REQUIREMENT> Copy all lines below exactly as written. Leave pictures out.

DATA SEGMENT>
=== Section Start ===
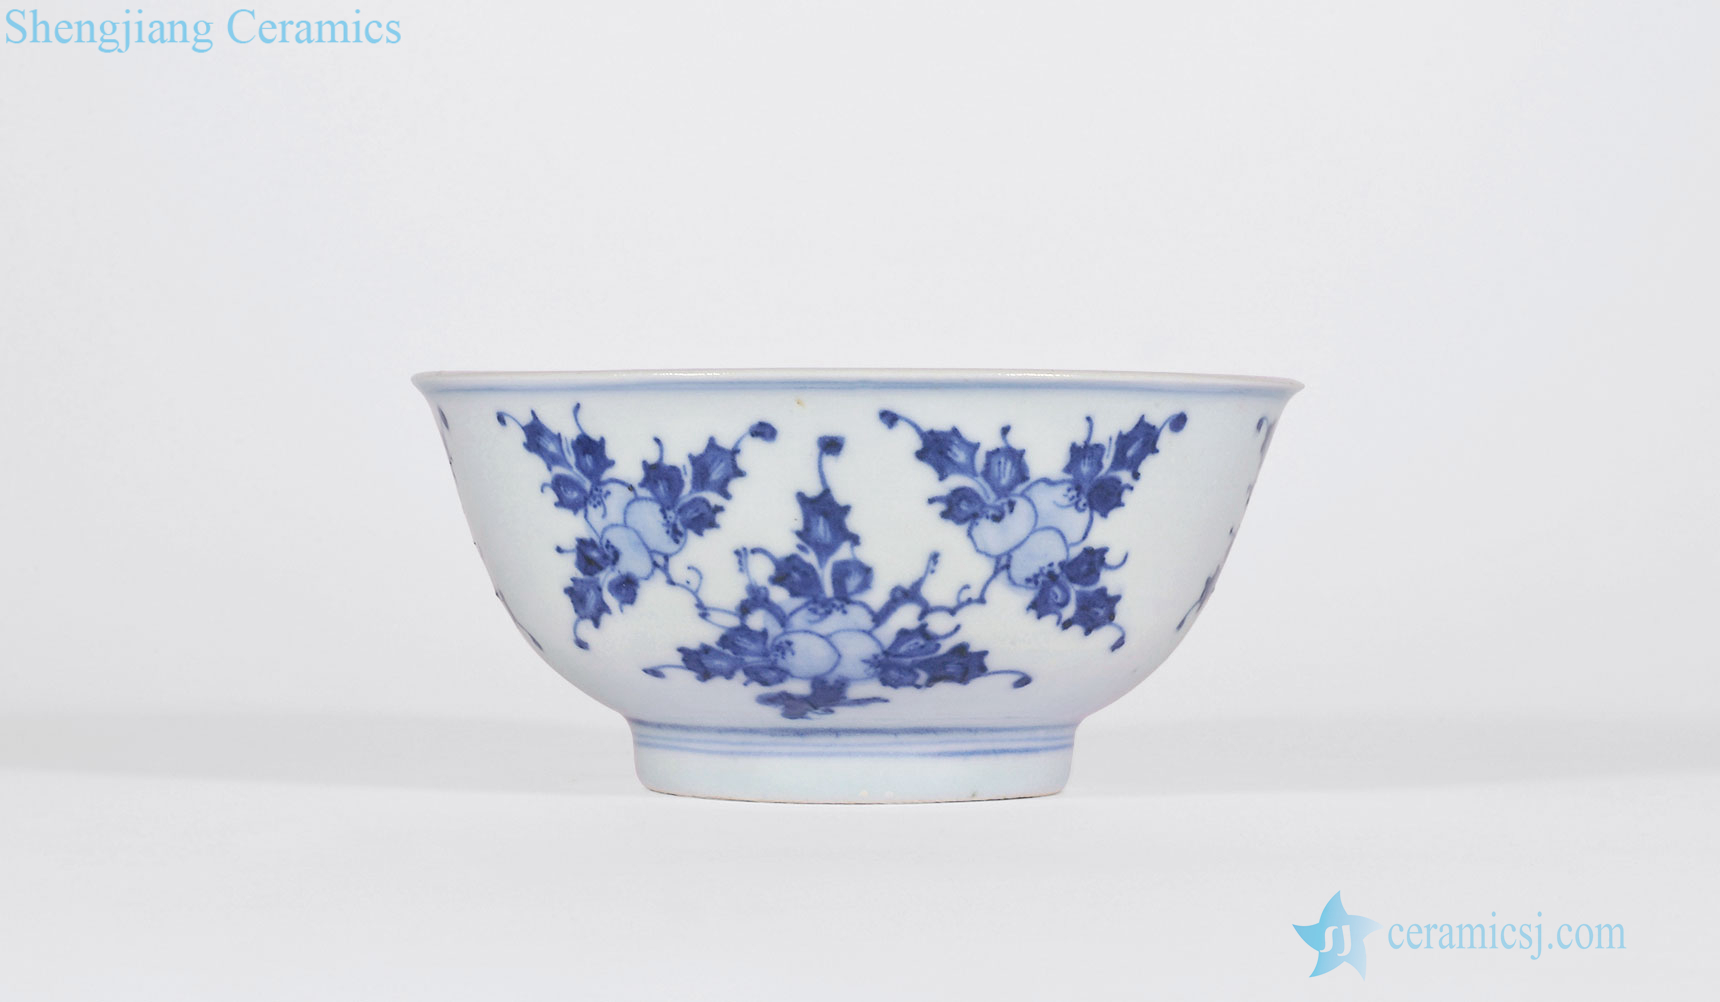 Blue and white fruits and grain qing yongzheng bowl
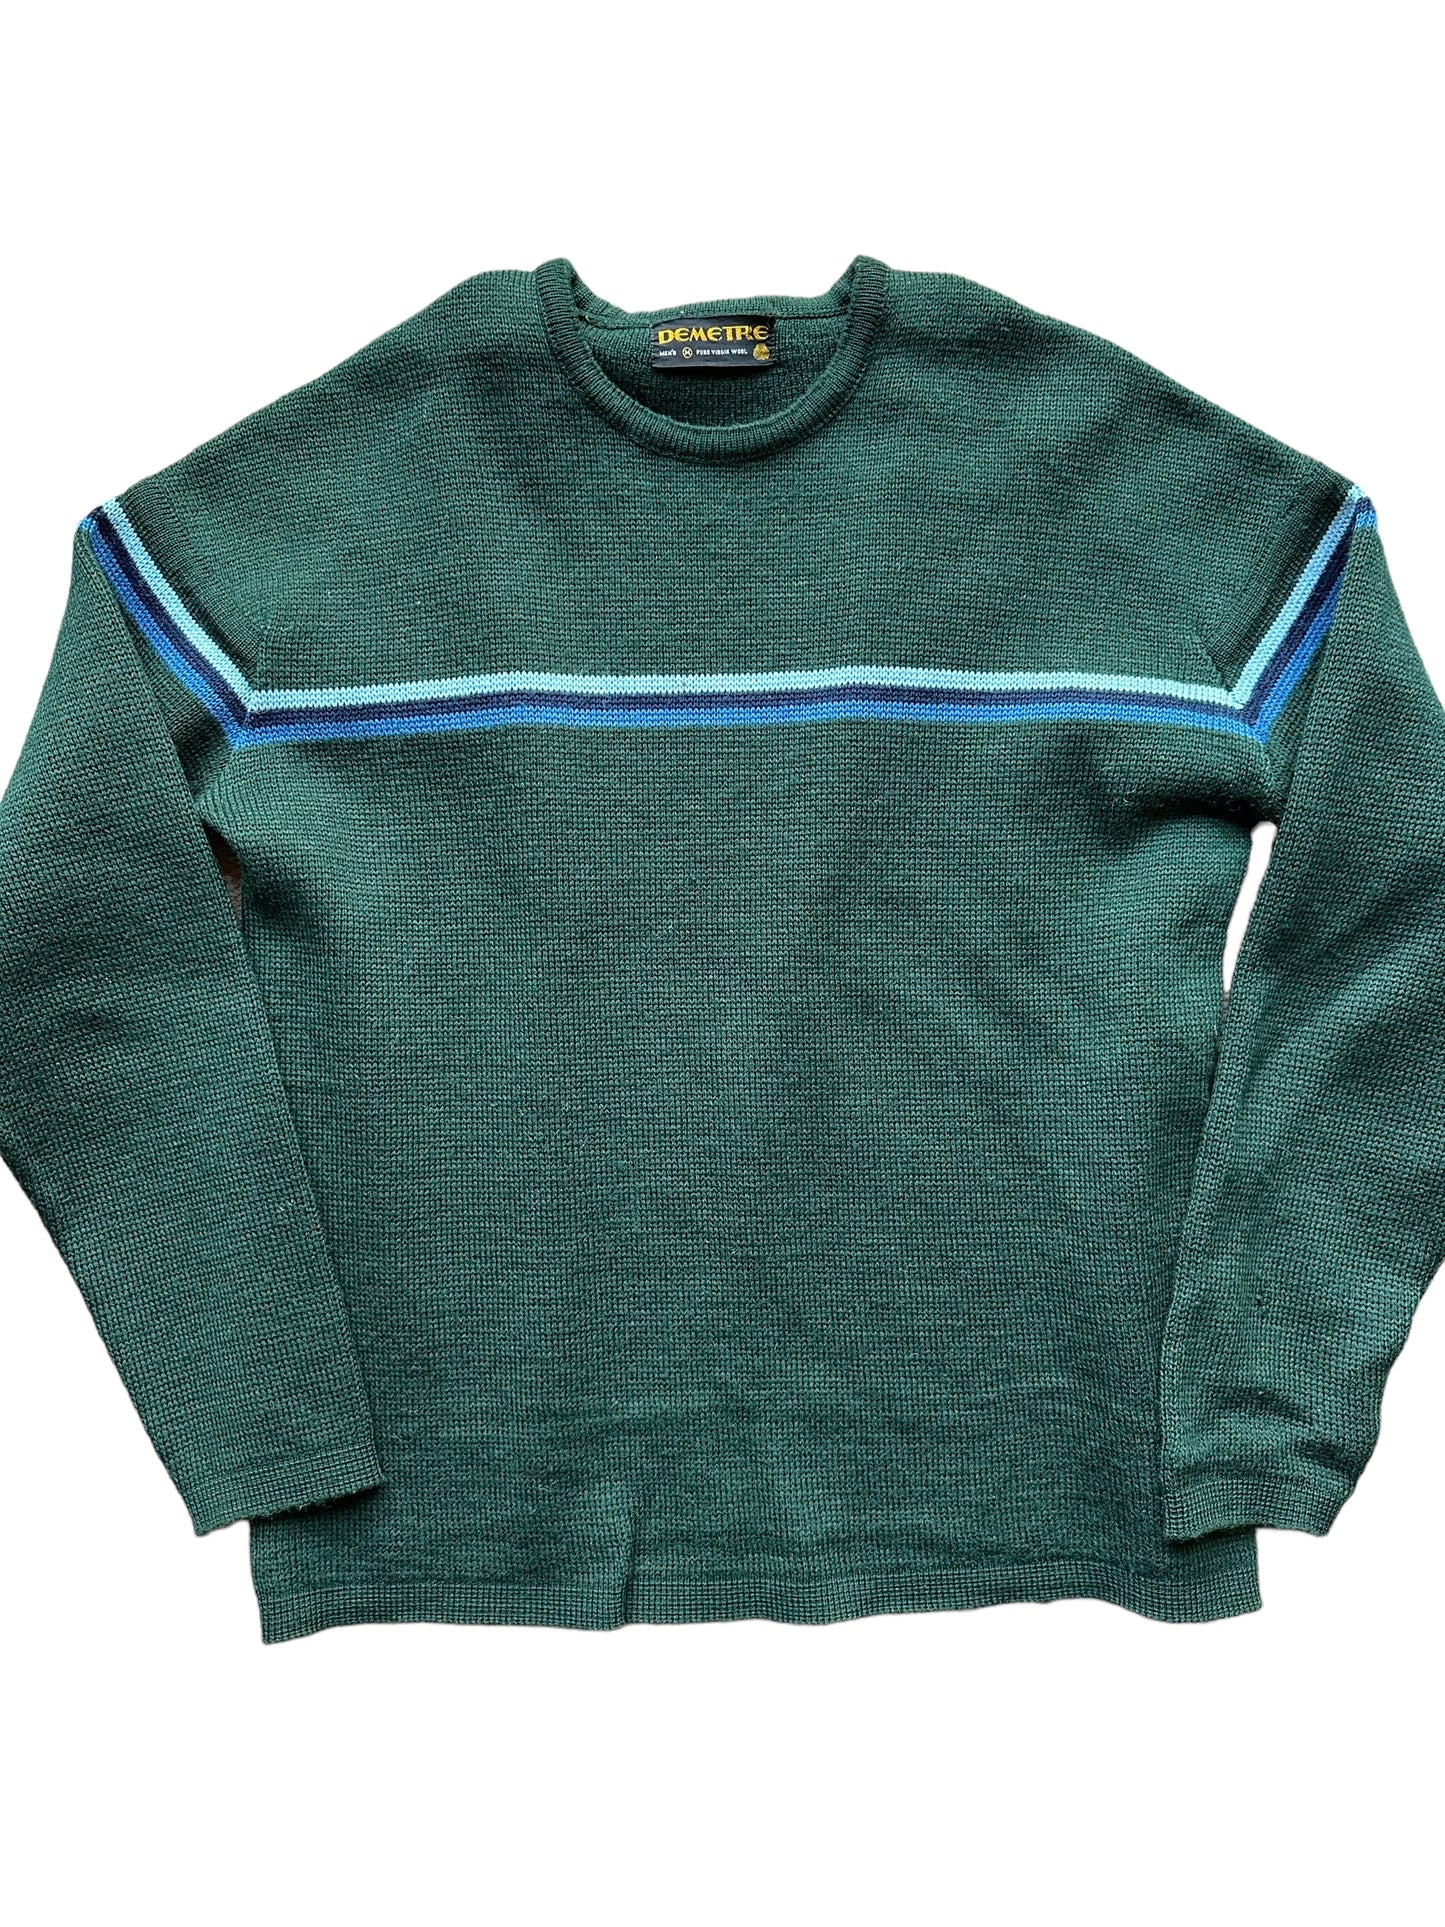 Front View of Vintage Demetre Wool Ski Sweater SZ M |  Vintage Sweaters Seattle | Barn Owl Vintage Seattle
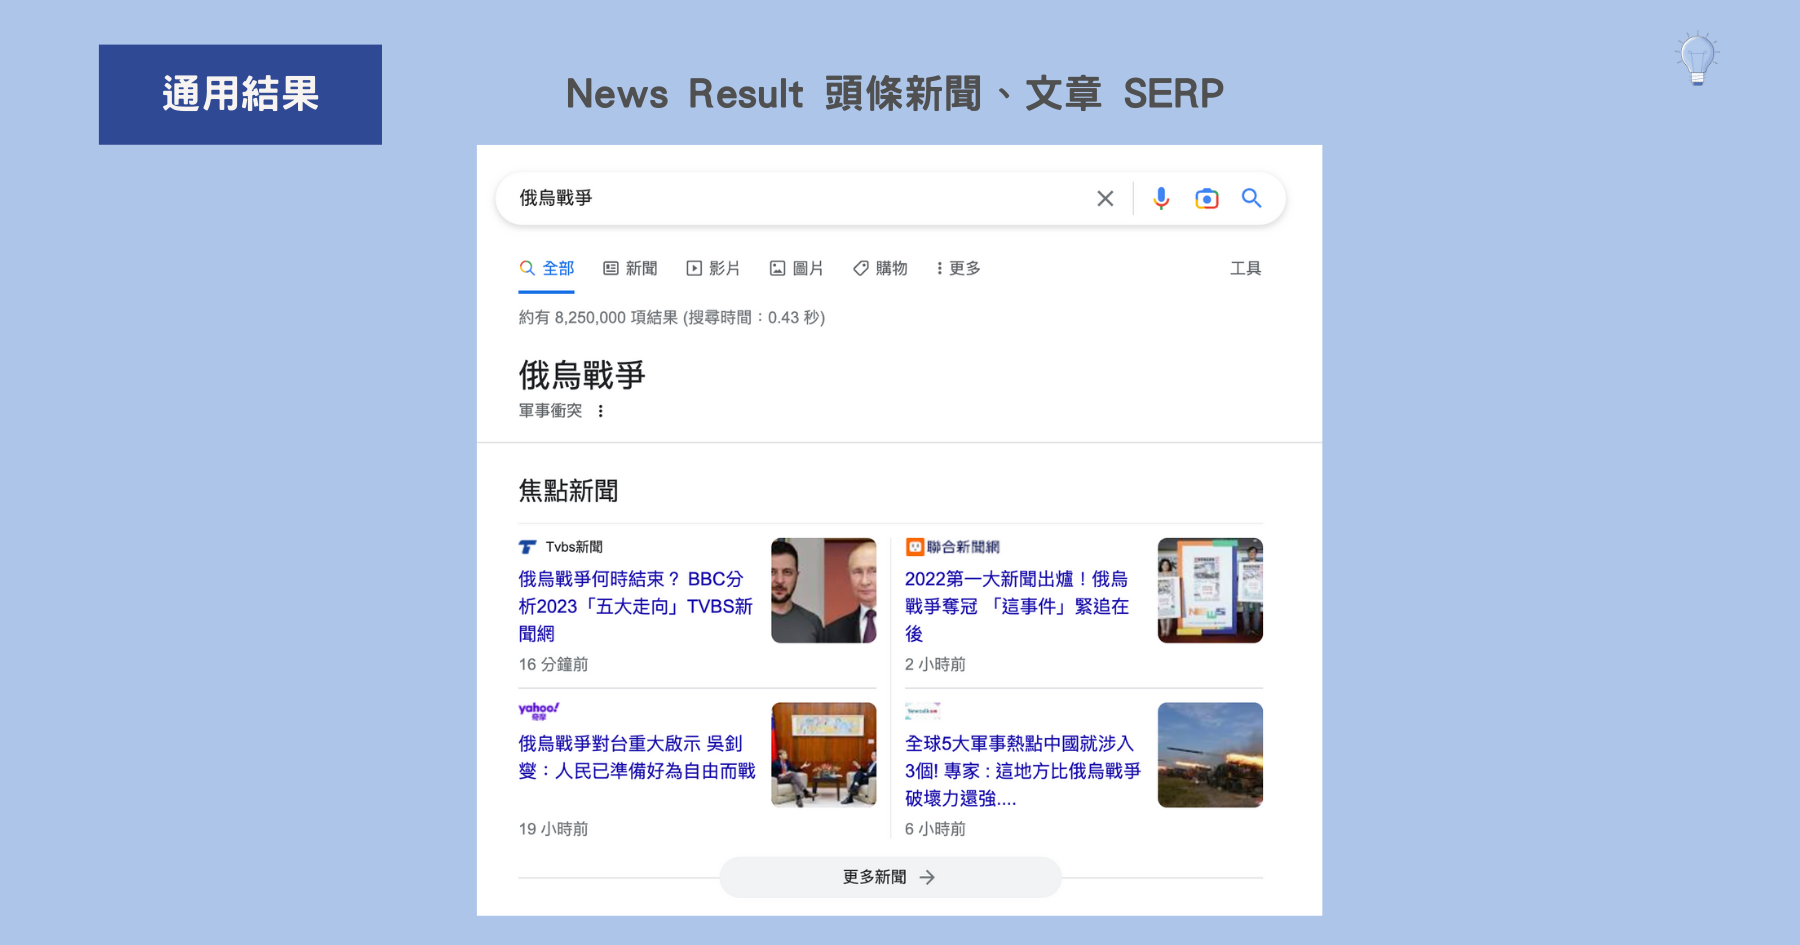 News Result 頭條新聞 SERP
=== Section End ===
ANSWER BELOW>
 Blue and white fruits and grain qing yongzheng bowl
 Front View of Vintage Demetre Wool Ski Sweater SZ M |  Vintage Sweaters Seattle | Barn Owl Vintage Seattle
 News Result 頭條新聞 SERP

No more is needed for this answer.